- Buyer's Guide
The Tennessee Valley Authority delivered good performance in 2010, keeping reliability high and prices competitive, despite stress that extreme weather placed on TVA's electric power infrastructure, president and CEO Tom Kilgore told the utility's board of directors on Thursday, November 4.
Increased power demand during a record-hot summer and an unusual winter cold snap caused TVA to call higher-cost peak-power generation facilities into service more often, to purchase extra power from other companies during high-use times and to work harder to manage weather-related strains on high-voltage transmission lines and other facilities.

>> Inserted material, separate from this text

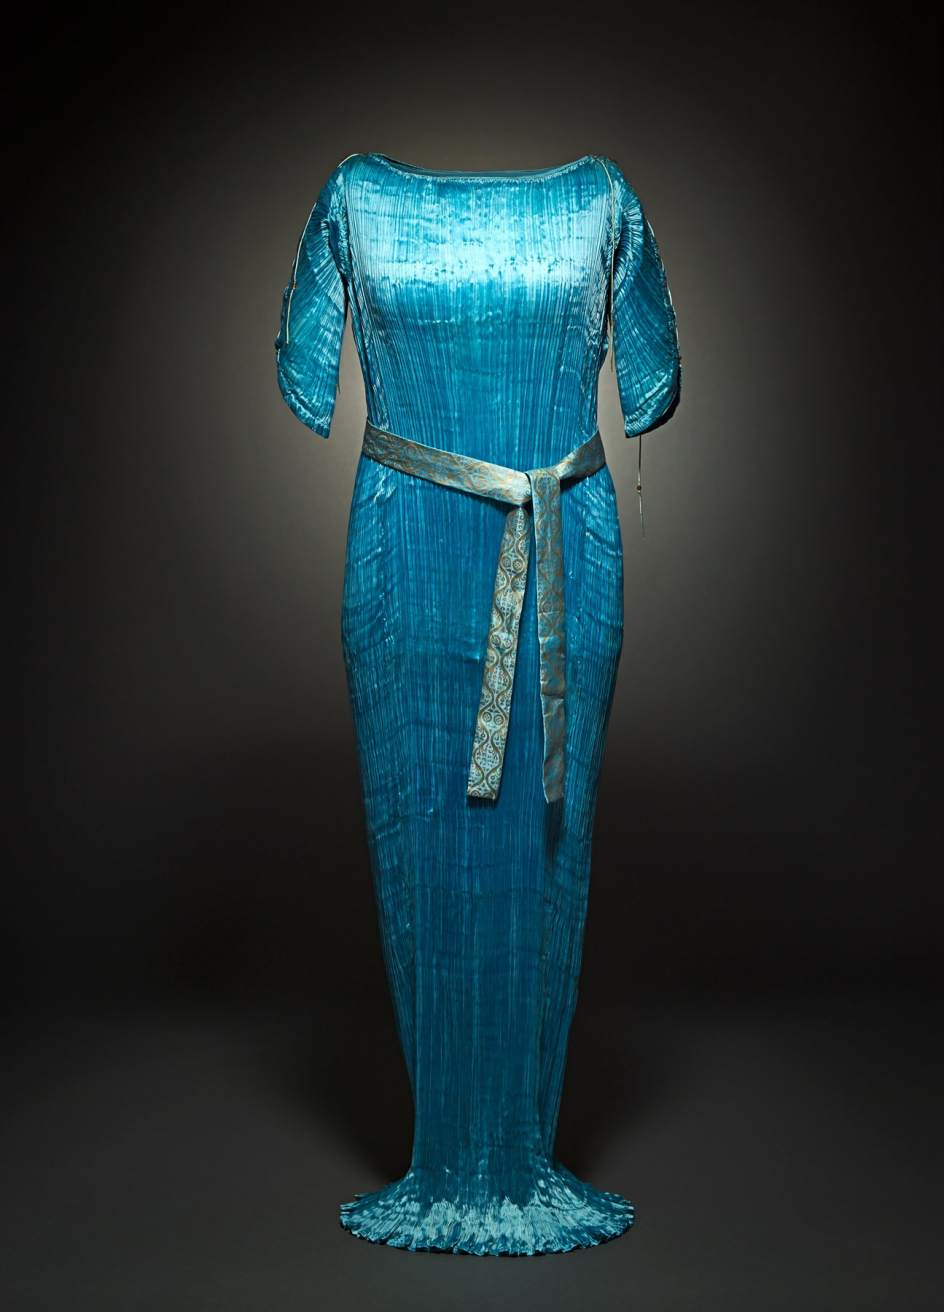 Vestido Delphos. Hacia 1920. Tafetán de seda y cristal de Murano. Centre de Documentació i Museu Tèxtil. Terrassa.
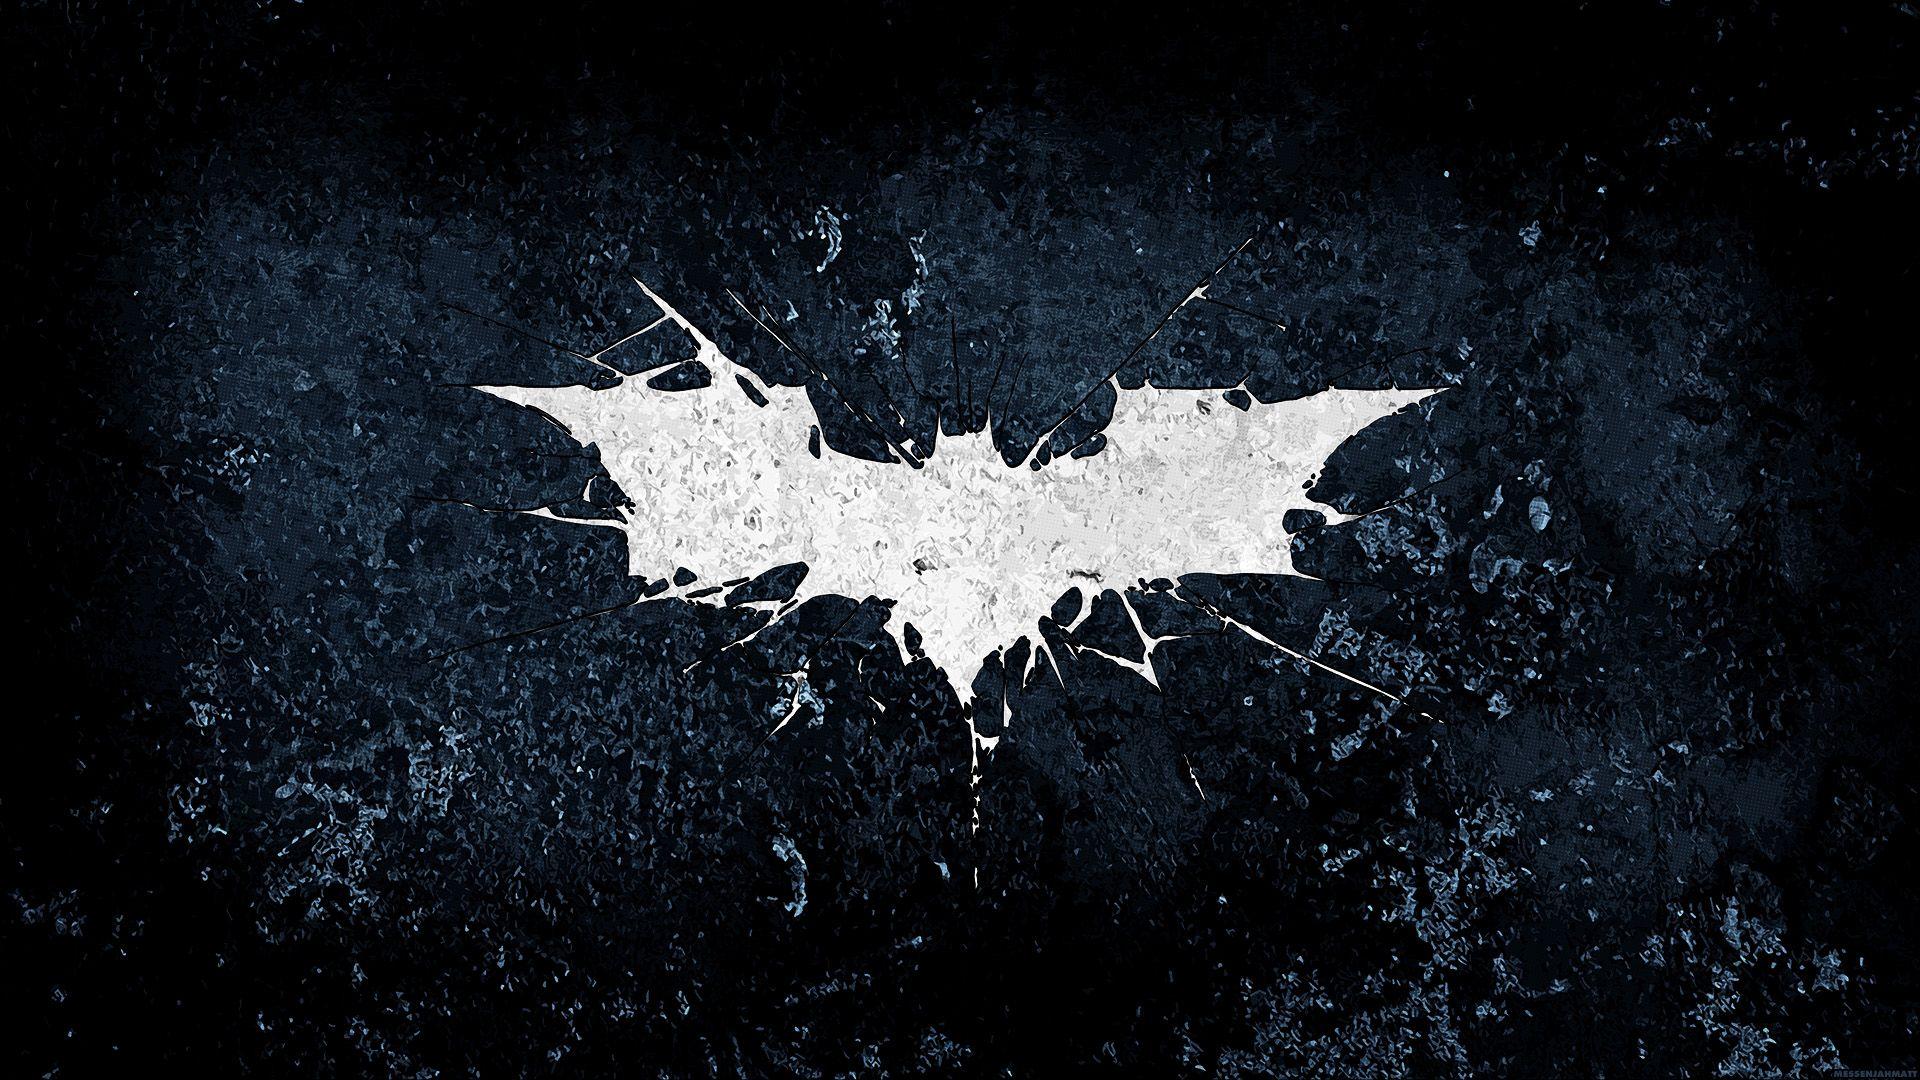 Download HD Dark Knight Rises Wallpaper For Computer HD ... The Dark Knight Rises Iphone Wallpaper

But TVA's employees met the challenges, keeping the power on 99.999 percent of the time, among the best in the utility industry, for the 11th straight year and holding average retail prices to 7.7 cents per kilowatt-hour, down from 8.4 cents in 2009 and well below the U.S. average for electric bills.
The 2010 fiscal year, which ended Sept. 30, marked a major turnaround from 2009, when sales and revenues dropped during the economic recession, Kilgore told the board, which held its November meeting at TVA's Browns Ferry Nuclear Plant.
"It was a good year for TVA operationally and financially, which means it was a good year for TVA's customers," Kilgore said, emphasizing that TVA expects no increase in its base rates for fiscal 2011. "The work our employees did to manage a hot and difficult summer resulted in millions of dollars in savings for TVA and the people we serve."
TVA staff reported that TVA's tax equivalent payments to state and local governments reached $550 million in fiscal year 2010, a 9 percent increase from 2009. Under the TVA Act, which established the federal utility in 1933, TVA makes payments to eight states and 144 local governments where it owns facilities. The payments compensate state and local governments that cannot levy property taxes on federal entities. Tax equivalent payments have been part of TVA's operations and corporate citizenship since its early years.
Discussing TVA's renewed vision to be one of the nation's leading producers of cleaner low-cost electricity by 2020, Kilgore remarked that the Browns Ferry plant will play a key role in TVA's future because nuclear power produces no air emissions, including carbon. TVA plans to pursue its vision by focusing on more nuclear power and energy efficiency in the future.
"Browns Ferry is TVA's first and largest nuclear plant," Kilgore said, pointing out that the plant's Unit 1 reactor recently completed 586 days of continuous generation. The plant's Unit 3 reactor ran for 669 continuous days in 2002, one of the longest runs in industry history that produced 18 million megawatt-hours of electricity, a world record at the time.
The hot summer weather had an impact on Browns Ferry when rising river temperatures forced TVA to cut back the plant's output to prevent warm water produced by reactor cooling systems from entering the Tennessee River and potentially harming fish. To address high river temperatures in the future, the TVA board approved funding to build additional cooling towers at the plant.
Kilgore also reaffirmed TVA's commitment to reducing peak power use across the seven-state region served by the utility. He said TVA had surpassed its 2010 goal to reduce the need for peak power by 102 megawatts through energy efficiency and demand management programs. Fiscal year 2010's incremental reduction of 114 megawatts means TVA has cumulatively reduced peak power demand by 317 megawatts during the past three years - about one-third to one-half of a new power plant.
Peak power times usually occur on hot summer afternoons and cold winter mornings when people use more electricity, forcing utilities to switch on higher-cost generation plants to meet the additional demand. Reducing peak demand, therefore, lowers costs for utilities and, ultimately, for consumers.
The board also reviewed fiscal 2011 executive compensation and incentive pay plans, which are based on achieving business goals that help make TVA operations more efficient and hold down costs.
The Tennessee Valley Authority, a corporation owned by the U.S. government, provides electricity for utility and business customers in most of Tennessee and parts of Alabama, Mississippi, Kentucky, Georgia, North Carolina and Virginia – an area of 80,000 square miles with a population of 9 million. TVA operates 29 hydroelectric dams, 11 coal-fired power plants, three nuclear plants and 11 natural gas-fired power facilities and supplies up to 33,700 megawatts of electricity, delivered over 16,000 miles of high-voltage power lines. TVA also provides flood control, navigation, land management and recreation for the Tennessee River system and works with local utilities and state and local governments to promote economic development across the region. TVA, which makes no profits and receives no taxpayer money, is funded by sales of electricity to its customers. Electricity prices in TVA's service territory are below the national average.